The average DIF of the exam was 37.5 and the standard deviation was 19.1, which is an acceptable difficulty. Many studies reported an average difficulty index of exams. The current difficulty index is lower than reported in the previous work of Anathakrishnan (39.4 ± 21.4%), Pande et al. (52.53 ± 20.59), and Karelia et al. (47.17 ± 19.79 to 58.8 ± 19.33) [40,41,42].
The current study shows that most exam items were of acceptable difficulty (72.9%). The present findings differ from those reported by Sugianto (2020) for an ideal balanced exam, where the percentages of moderate and difficult items in the exam exceed the recommended rates [19]. The difficulty index of an item is related to the item and student performance in the given time. Many causes can be connected to the item’s difficulty, such as uncovered content material, writing flaws, and a wrong key. Despite the difference in the percentages from the ideal difficulty-balanced exam, the average score (40 out of 59) and the class median (33 out of 59) indicate a good performance from students.

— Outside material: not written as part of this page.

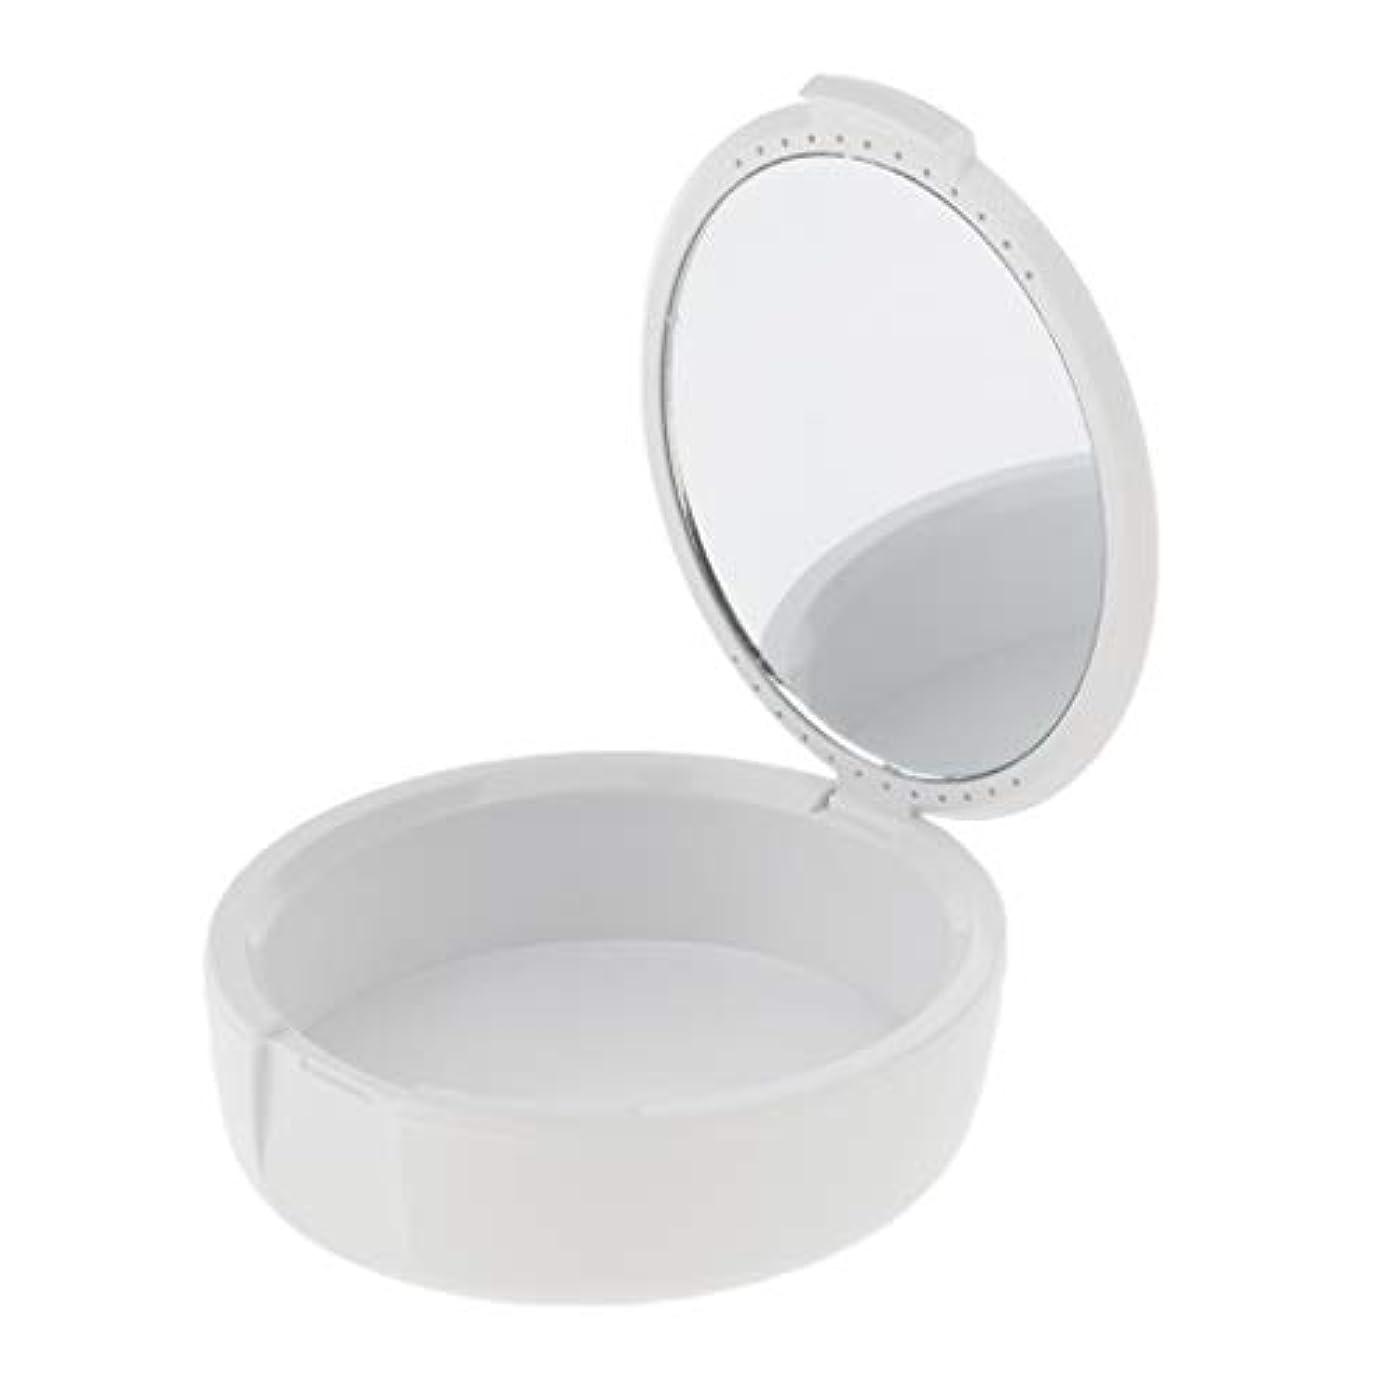 CUTICATE マウスガードケース 義歯収納容器 ミニ 携帯用 2色選べ - 白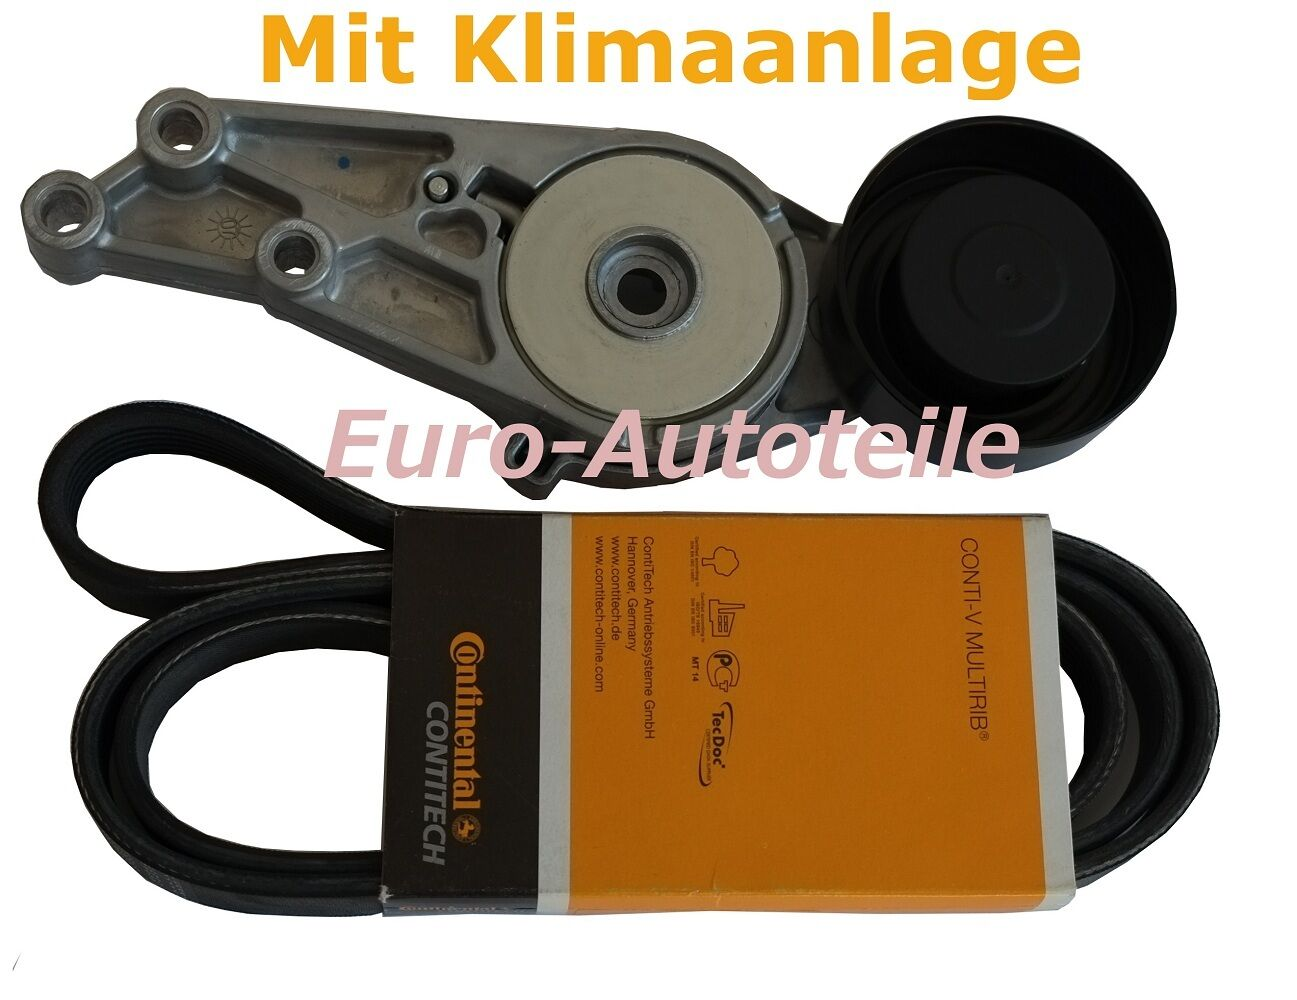 DAYCO 6PK1538 Spannrolle Umlenkrolle Bmw 3er E46 5PK865 Keilrippenriemensatz

The average discrimination of the exam index was 0.46, and the standard deviation was 0.22, which is considered excellent or very discriminating [43, 44]. The low standard deviation of the discrimination index means that the discrimination powers of the items are related, and since they are in the range of excellent or very discriminating, they are reasonably good. Also, this suggestion is supported by the result that about 69.5% of the exam items were categorized as excellent discriminating, and only 13.6% were not discriminating.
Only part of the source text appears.